The supramolecular architecture of amyloid fibrils formed by a human tau-derived hexapeptide VQIVYK

Abstract

The sequence 306VQIVYK311 is an aggregation prone region of the tau protein implicated in driving assembly of tau into paired helical filaments. These filaments accumulate as intraneuronal neurofibrillary tangles in Alzheimer’s disease and a range of tauopathies. Prolonged incubation of VQIVYK results in highly ordered fibrillar structures that give rise to unusually detailed and highly oriented X-ray fibre diffraction patterns. These matured fibrils provided the opportunity to use a novel integrative approach that combined X-ray fibre diffraction analysis, with 3D contact point reconstruction atomic force microscopy (CPR-AFM) of individual filaments, to determine molecular and supra-molecular details.

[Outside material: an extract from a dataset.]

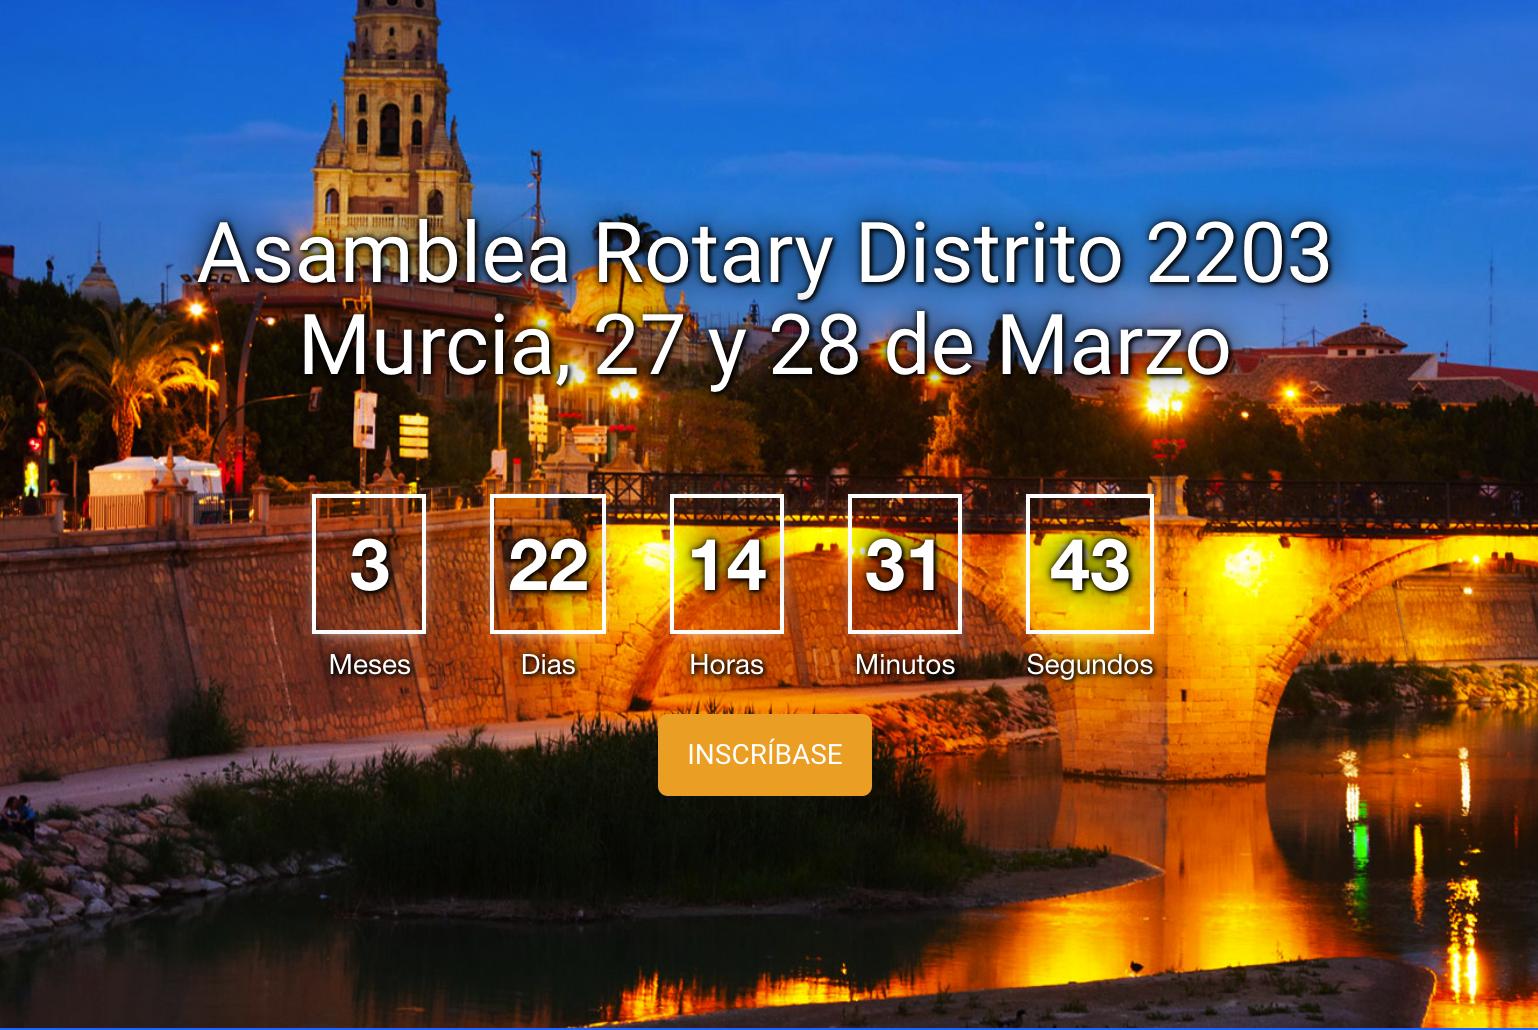 Inscripción Asamblea de Murcia de Ricardo Molina GGDE 2020-21
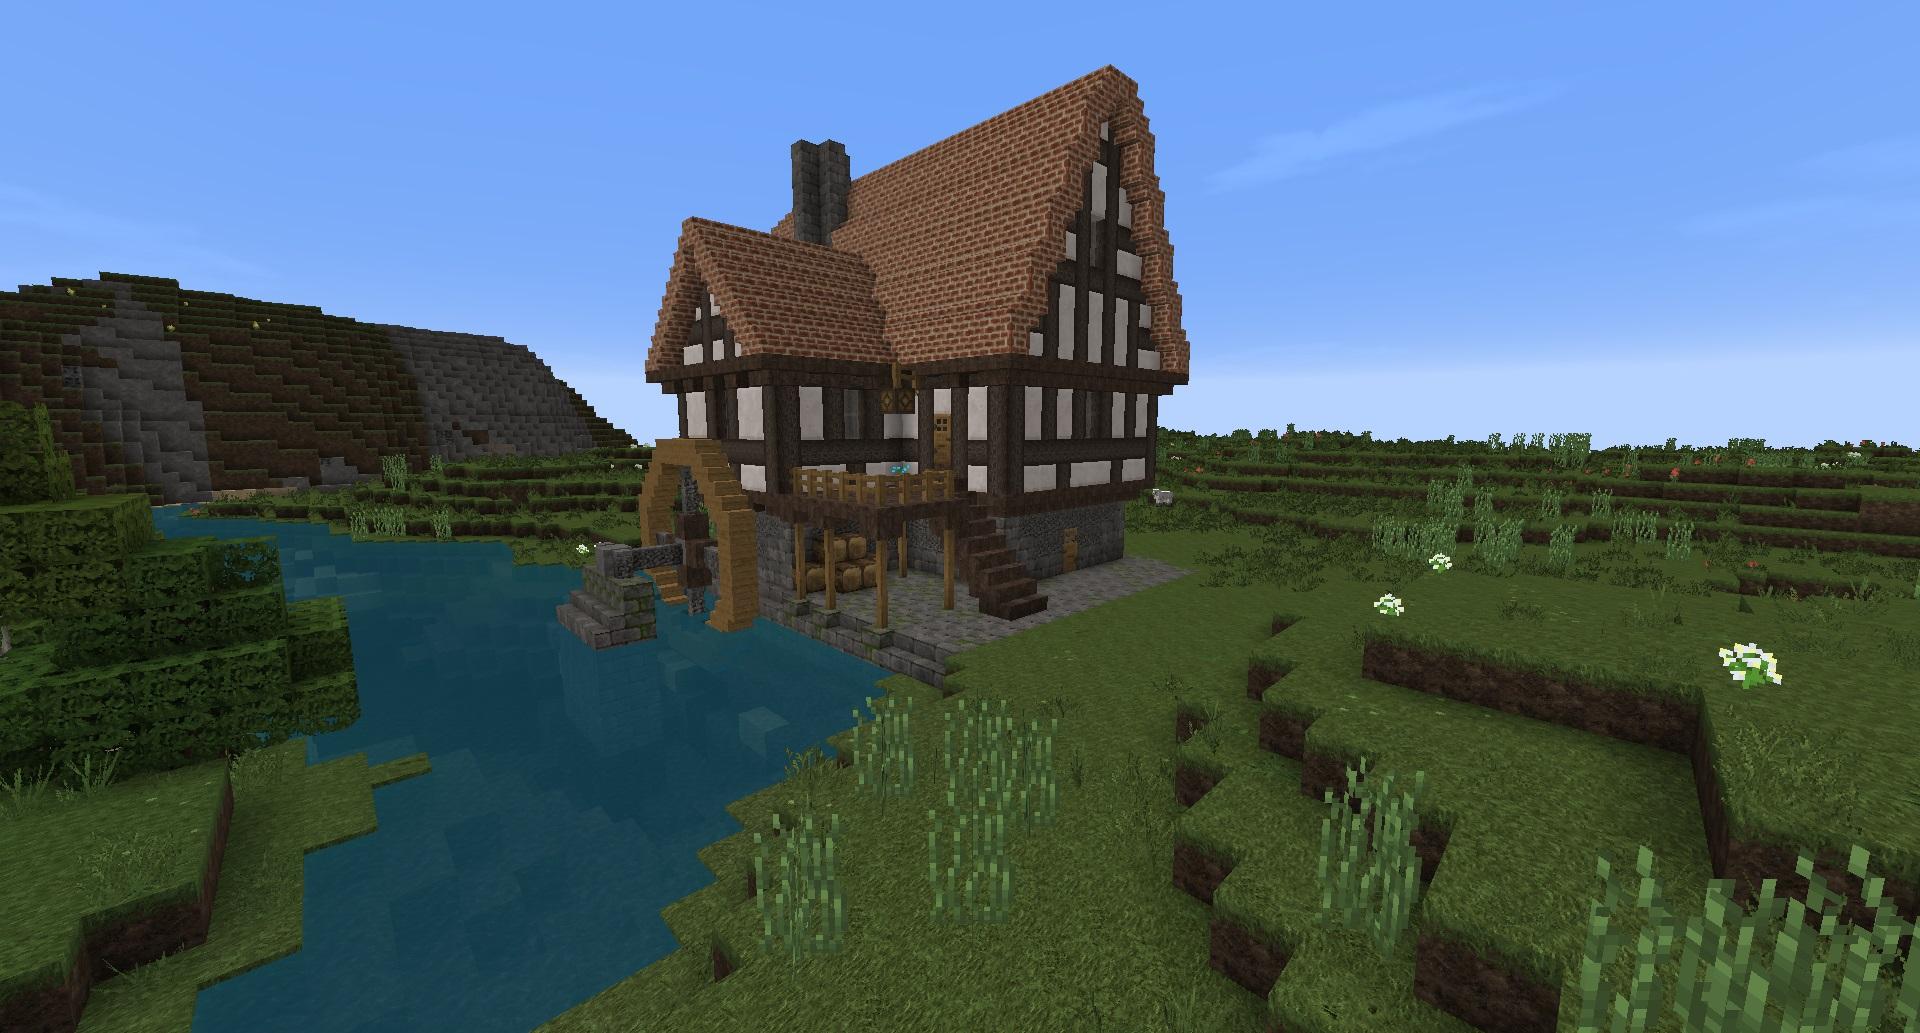 Minecraft Watermill by schattenw0lf on DeviantArt

X-ray diffraction analysis resulted in a molecular model consistent with a X-ray crystallography structure, which could be further optimised to give rise to a highly twisted filamentous protofilament architecture. Analysis of individual fibril envelopes by CPR-AFM revealed a diverse polymorphous population with a major fibril morphology of apparent smooth, cylindrical fibrils, and morphological subpopulations of fibrils with clear left-hand twisting patterns while X-ray diffraction suggests that the protofilament core structure remains consistent between the polymorphs. Here, we reveal that VQIVYK amyloid fibrils form a polymorphous amyloid population by assembly of highly ordered protofilaments. The combined approach gives novel molecular and supramolecular information regarding the structure of a highly twisted amyloid fibrils.